One of several proposed plans for the corridor connecting Pine Street and Battery Street. (City of Burlington photo, November 2016)
One of several proposed plans for the corridor connecting Pine Street and Battery Street. (City of Burlington photo, November 2016)

Preliminary engineering on Burlington, Vt.'s railyard enterprise construction project, which will link Pine Street with Battery Street, is slated to begin this summer.

The city has long hoped to connect the two major roadways downtown, in part to ease traffic on nearby King and Maple streets, residential areas often congested with cars. Yet progress has been slow — planning for the enterprise's construction has dragged on for more than eight years.

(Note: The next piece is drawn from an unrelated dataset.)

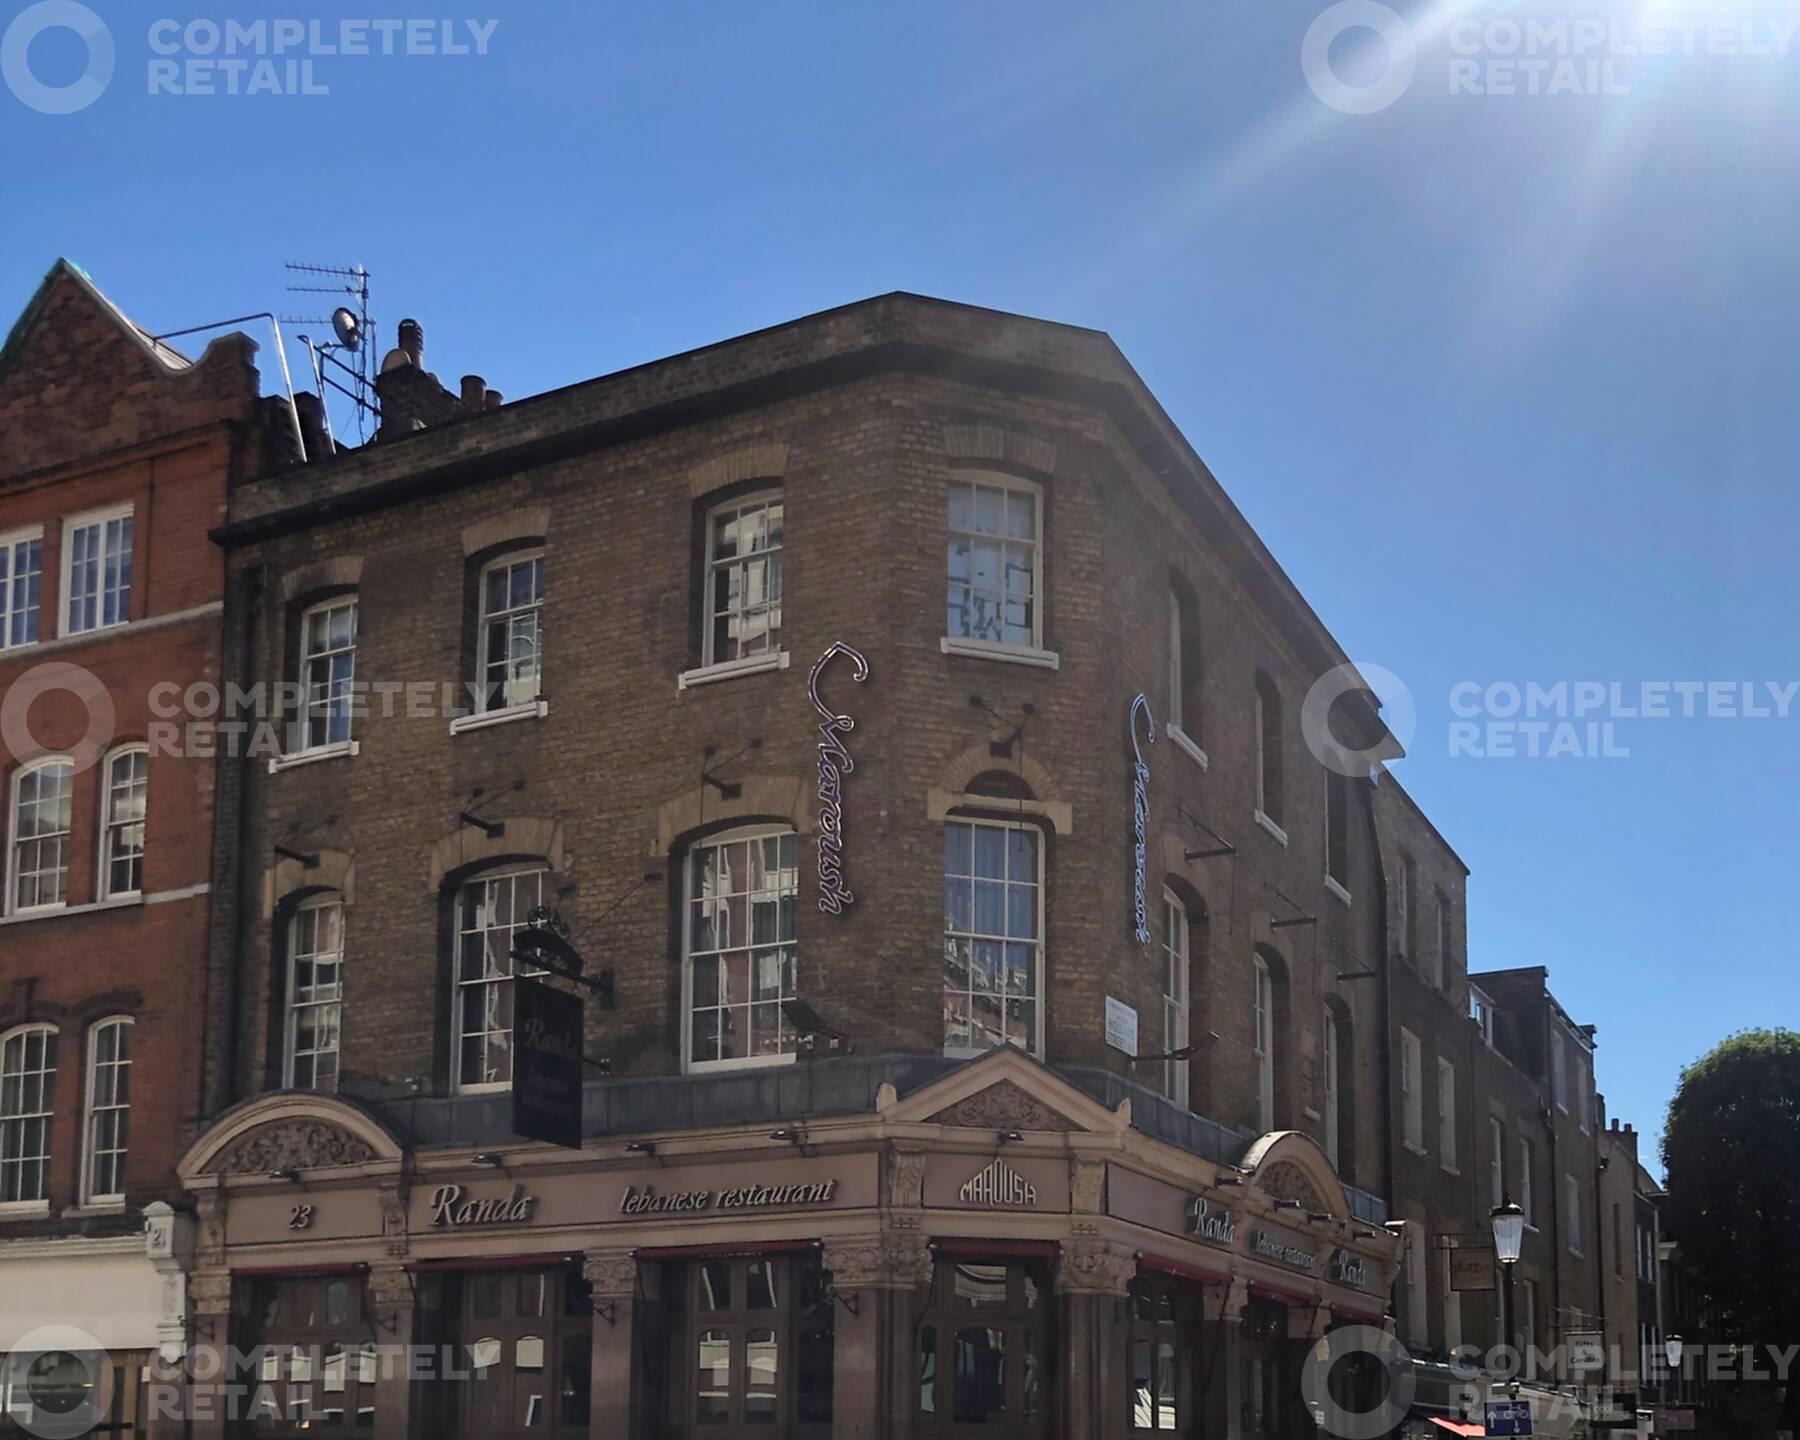 23 Kensington Church Street, London, W8 4LF

The new momentum on the project, which Burlington Mayor Miro Weinberger announced formally the last week in December, comes after a commitment by the Vermont Agency of Transportation (VTrans) and the Federal Highway Administration to contribute 10 percent and 80 percent of funding for the project, respectively.

The city council voted unanimously Dec. 21 to move the project forward, which Weinberger called "a big step toward making this vision a reality."

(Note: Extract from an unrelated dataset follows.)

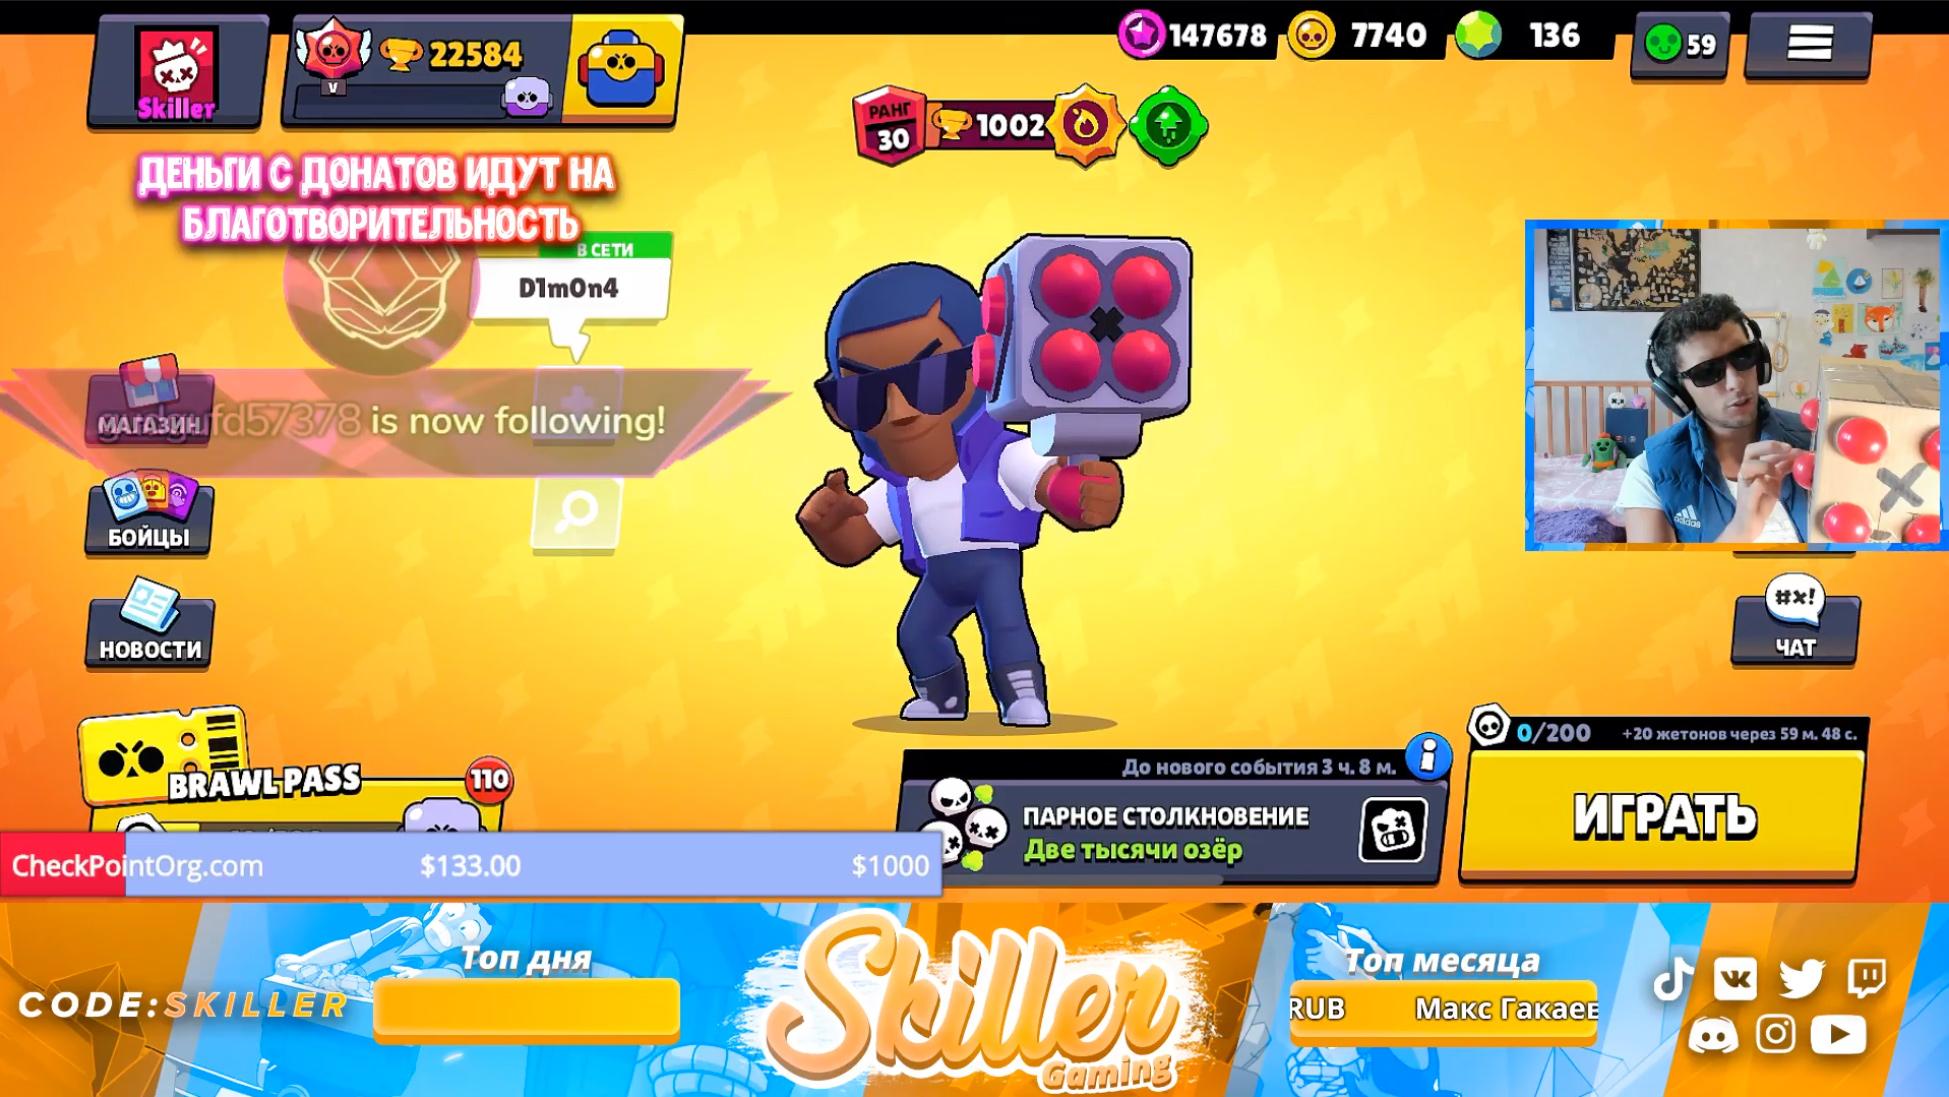 Skiller Gaming Cosplay as Brock

Without a final design, the precise cost of the project currently remains uncertain. The city has estimated it between $18 million and $22 million, and Burlington plans to pay 10 percent of that total.

In initial public debate over the project in 2015, some residents raised concerns that the project could displace tenants and harm businesses in the area.

However, the current construction plans, though not yet final, mostly evade any impacts to private property and residential buildings. The construction could still cut through the railyard, and in one proposed plan would affect a Champlain Street office building.

"The railyard enterprise project is a transformational project for Burlington, no doubt," said Chapin Spencer, director of the city's department of public works. "It has been a goal of the city for years, decades."

The new corridor also will provide greater access to the southern stretch of Burlington's famed bike path, Spencer said.

Initial scoping for the project began in 2012, and more detailed plans were laid out in November 2016.

Yet the project is still far from completion. Preliminary engineering is scheduled to begin in July, once the money is allocated in the state budget for the next fiscal year, and the city hopes to have a final design by 2022.

Spencer estimates that construction will not begin until at least five years after the scope of the project is finalized. That means construction may not start until 2027, though that date depends on the complexity of the project design developed in the coming months.

Still, some have voiced their early support for the project.

"This is great news for the King and Maple neighborhood," said Michael Monte, director of the Champlain Housing Trust, in a press release, noting that it would improve the area's livability.

The plans are still subject to a federal environmental permitting process, which will evaluate the various proposals and assess their social and environmental implications.